Decided: June 27, 2012
A putative class of plaintiffs which included hospitals, physician practice groups, and individual physicians brought a breach of contract action against, inter alia, the Health Plan of the Upper Ohio Valley (“Health Plan”). The plaintiffs alleged that the Health Plan, as an administrator of employment benefit plans, had failed to pay the plaintiffs for the health care services provided to patients covered under the various benefit plans. After several months of litigation, in which the district court had considered and ruled on multiple procedural and substantive motions, the Health Plan made a motion to dismiss the hospital plaintiffs’ claims. The Health Plan argued that pursuant to a clause in the Hospital Service Agreement contracts between itself and the hospital plaintiffs, the breach of contract claims should have been submitted to arbitration. Citing the considerable time and resources that had already been invested in the litigation and the unfair prejudice that would disadvantage the hospital plaintiffs, the district court ruled that the Health Plan had defaulted on its right to arbitrate.
On appeal, the Fourth Circuit reversed the trial court’s decision to deny the Health Plan’s motion to dismiss the hospital plaintiffs’ claims. The court first engaged in a lengthy discussion regarding whether it had jurisdiction to hear the appeal. Because the Health Plan had not specifically invoked the proper sections of the Federal Arbitration Act (“FAA”) in its motion to dismiss, there was a question of whether the Health Plan could utilize the FAA provision which allows immediate appeal of an order denying a petition to arbitrate. Relying on “Congress’ deliberate determination that appeal rules should reflect a strong policy favoring of arbitration, however, the court focused on the substance, rather than the form, of the Health Plan’s motion to dismiss. According to the court, the “Health Plan clearly stated in its motion to dismiss that it was seeking to enforce the arbitration agreement….The memorandum specifically argued that the court should compel separate binding arbitrations for each hospital plaintiffs’ claims pursuant to the express terms of the contracts between the parties.” Thus, because the denied motion to dismiss was, in effect, a motion to compel arbitration, the Fourth Circuit possessed appellate jurisdiction.
Reviewing the merits of the trial court’s order de novo, the court held that the Health Plan had not defaulted on its right to arbitrate the hospital plaintiffs’ claims. The court stated that a party loses its right to stay court proceedings in order to arbitrate if it “substantially utilizes the litigation machinery that to subsequently permit arbitration would prejudice the party opposing the stay.” Expounding on this legal standard, the court stated that even where the party seeking arbitration has engaged in pretrial activity, “the dispositive question is whether the party objecting to arbitration has suffered actual prejudice.” (emphasis in original).
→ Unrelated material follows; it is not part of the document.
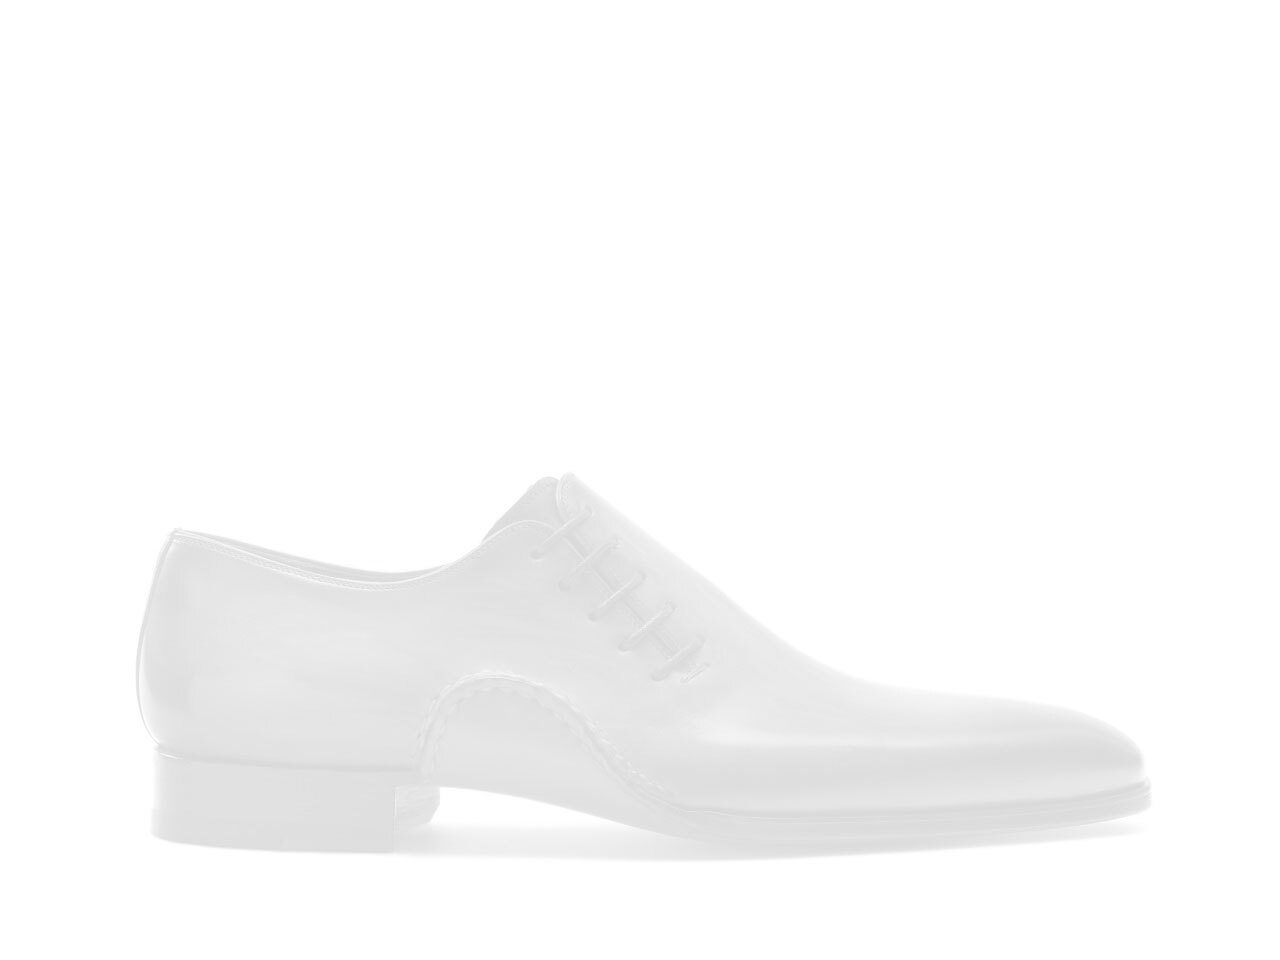 Sole of the Magnanni Feroz Midbrown Suede Men's Designer Boots

In determining whether the hospital plaintiffs had suffered actual prejudice, the court analyzed both the amount of delay in the Health Plan’s seeking arbitration and the extent of the Health Plan’s “trial-oriented” activities. In regards to the first consideration, the court found that there was no evidence that the hospital plaintiffs had been prejudiced by the the Health Plan’s six month delay in asserting its right to arbitration. Whether the Health Plan’s litigation conduct had been prejudicial was a more difficult question for the court because the Health Plan had joined in another defendant’s potentially dispositive motion. Nevertheless, the court held that there was no evidence that this motion forced the plaintiffs to reveal litigation strategy and that the Health Plan had gained no advantage from it. The court also rejected the hospital plaintiffs’ argument that it expended considerable expenses due to the Health Plan’s activity because the plaintiffs failed to distinguish the amount of money it spent litigating against the Health Plan as opposed to the other defendants and the amount spent as a response to activity initiated by the Health Plan. Finally, the court made it clear in a footnote that it did not believe that the Health Plan was attempting to “game the system” with its delayed motion for arbitration; rather, the delay was understandable “given the complicated and uncertain posture of the litigation during its early stages which involved multiple plaintiffs and multiple defendants, only some of whom had entered into arbitration agreements with each other.”